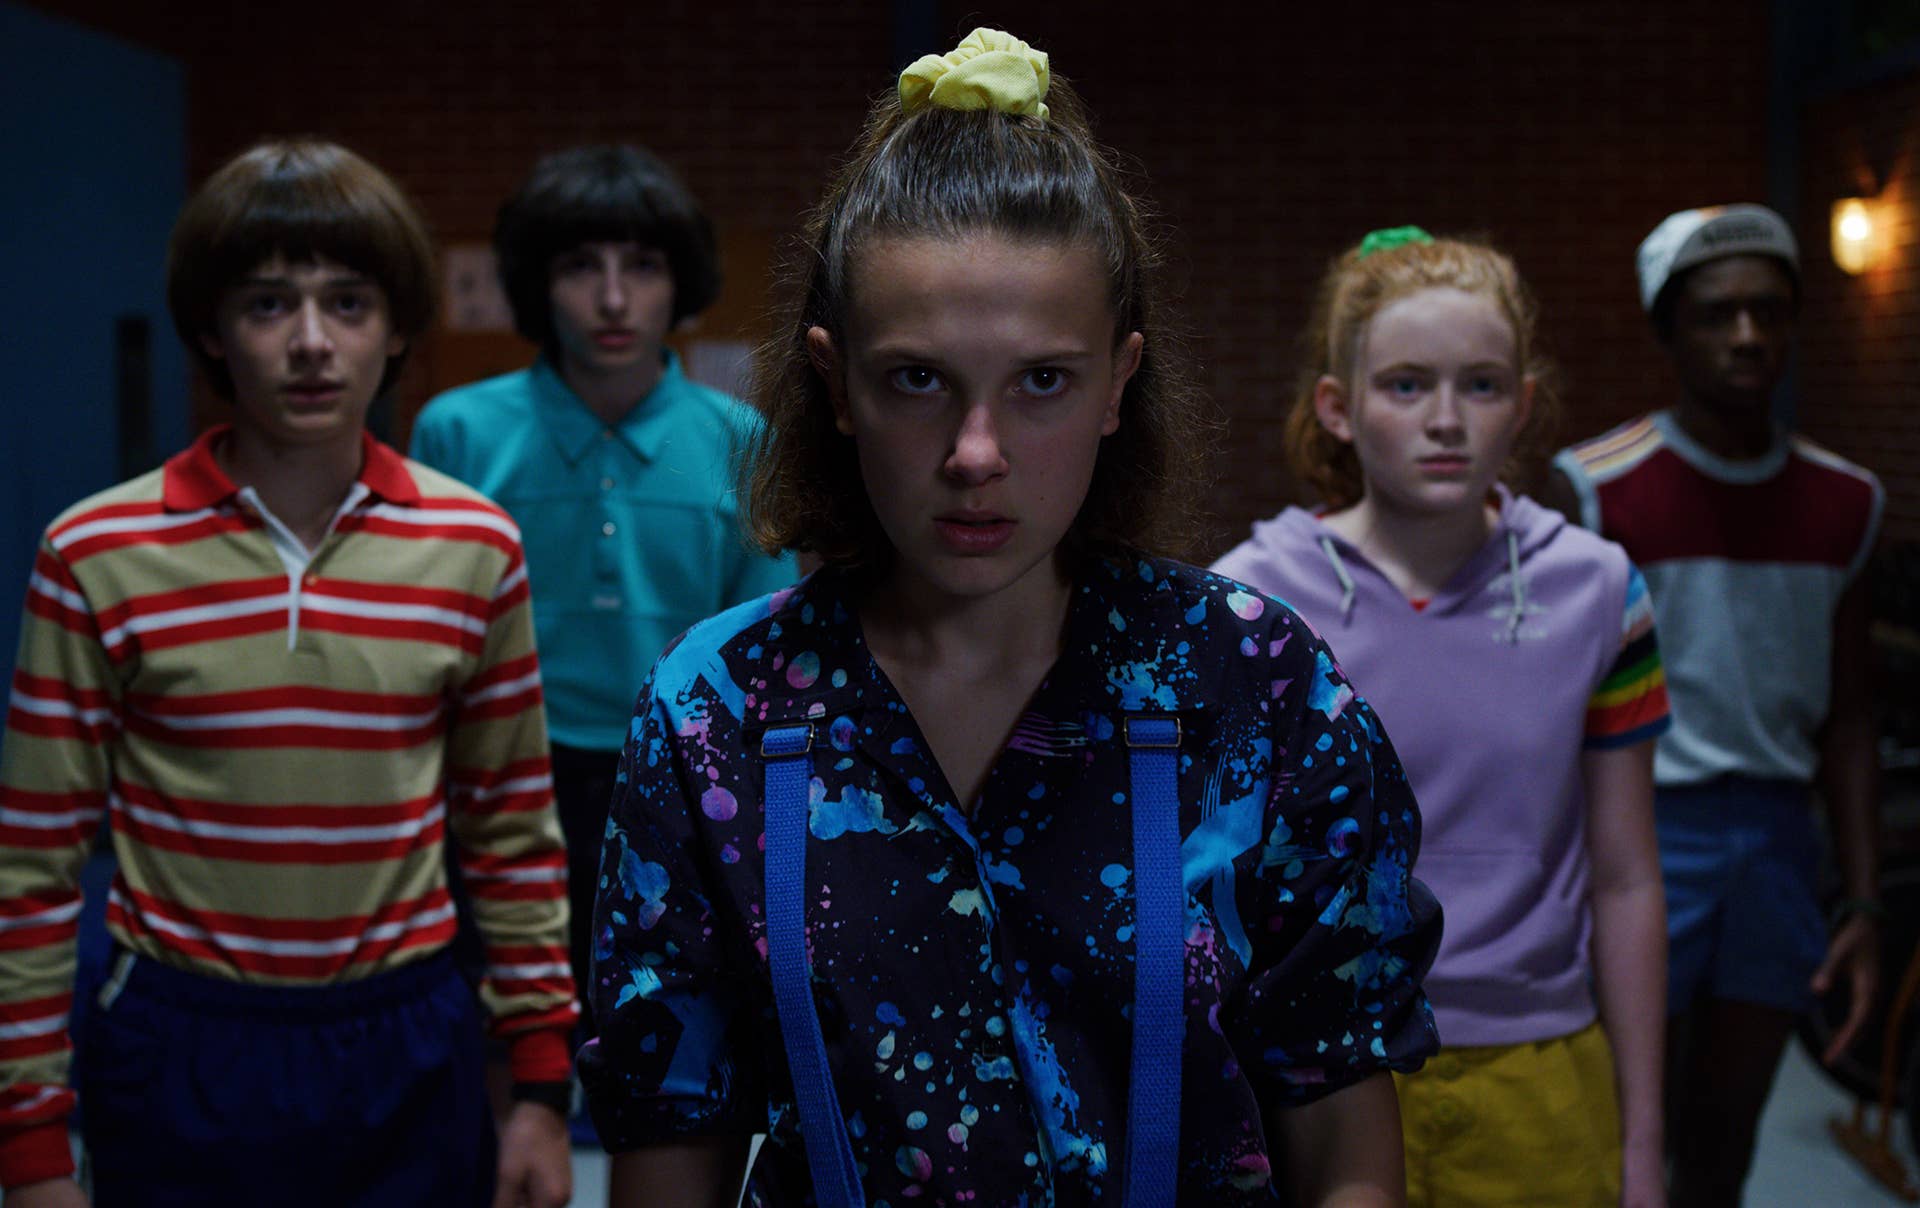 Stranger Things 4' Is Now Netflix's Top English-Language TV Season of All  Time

::::

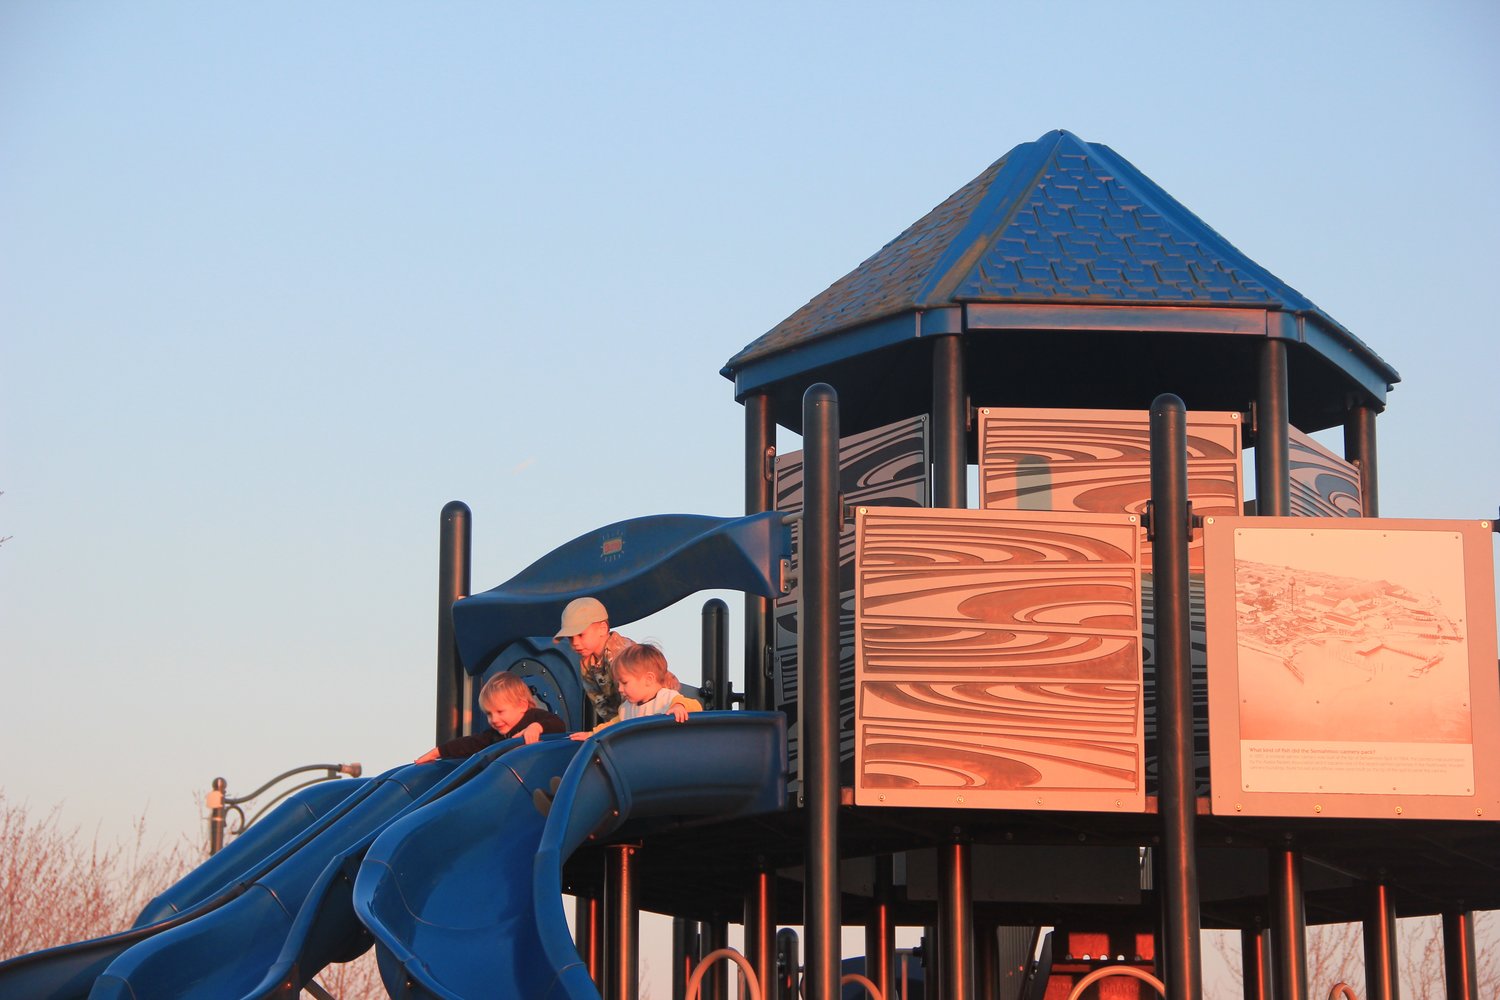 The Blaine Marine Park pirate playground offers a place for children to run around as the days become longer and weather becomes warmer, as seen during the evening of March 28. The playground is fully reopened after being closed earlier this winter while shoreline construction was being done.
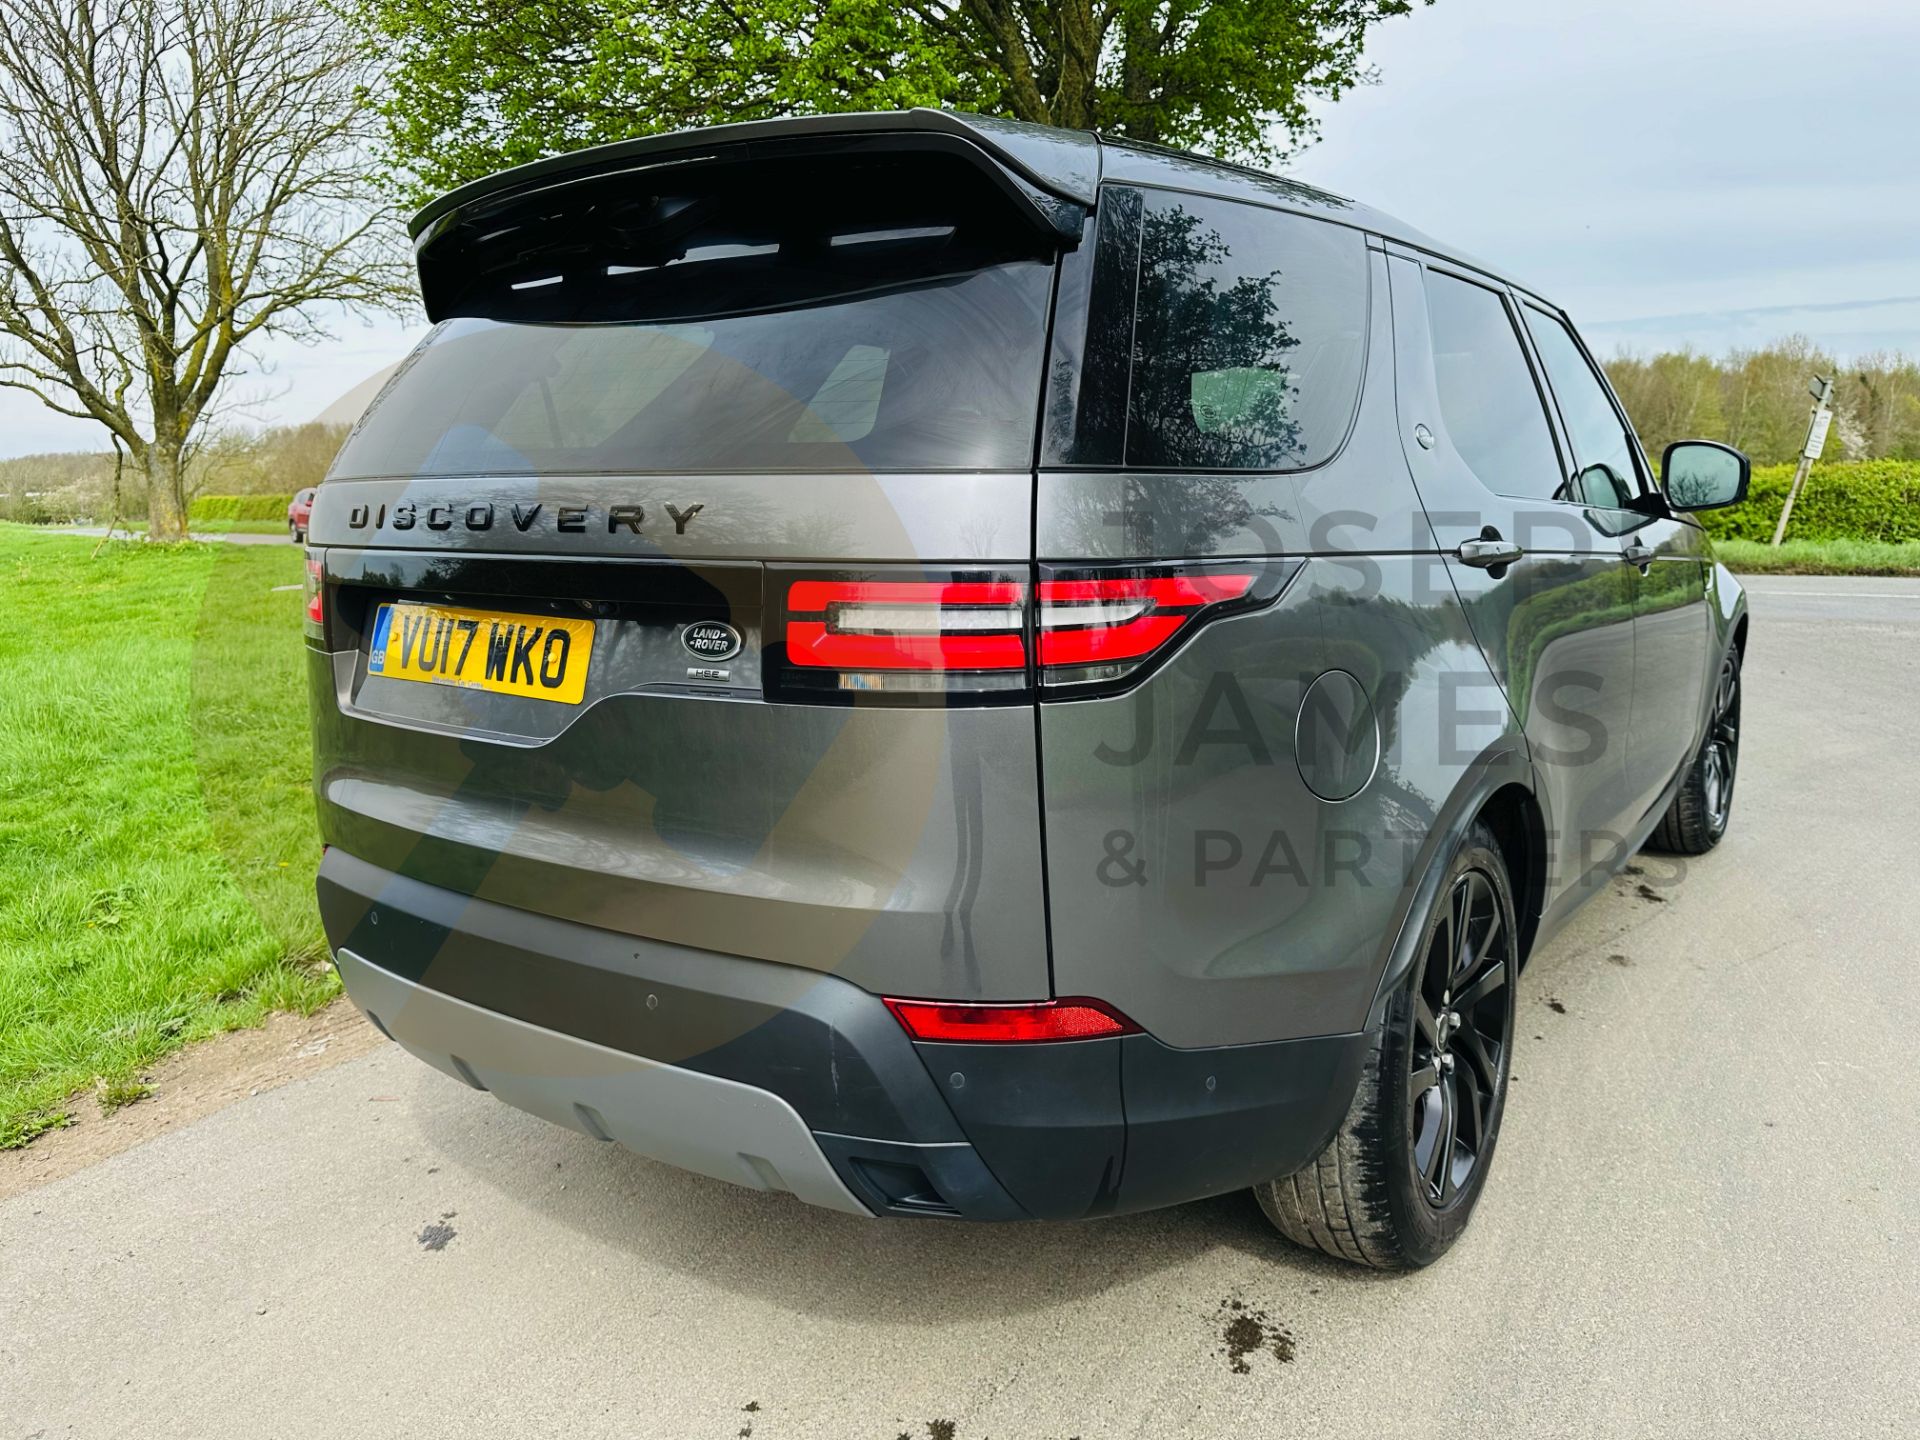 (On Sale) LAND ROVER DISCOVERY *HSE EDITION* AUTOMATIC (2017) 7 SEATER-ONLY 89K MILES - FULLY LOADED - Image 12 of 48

::::

EXERCISE: Starting with the line that has "The Blaine Marine" and going on through the line that has "(On Sale) LAND", transcribe the records above exactly, but skip the pictures.

RESPONSE FOR THIS EXERCISE:
 The Blaine Marine Park pirate playground offers a place for children to run around as the days become longer and weather becomes warmer, as seen during the evening of March 28. The playground is fully reopened after being closed earlier this winter while shoreline construction was being done.
 (On Sale) LAND ROVER DISCOVERY *HSE EDITION* AUTOMATIC (2017) 7 SEATER-ONLY 89K MILES - FULLY LOADED - Image 12 of 48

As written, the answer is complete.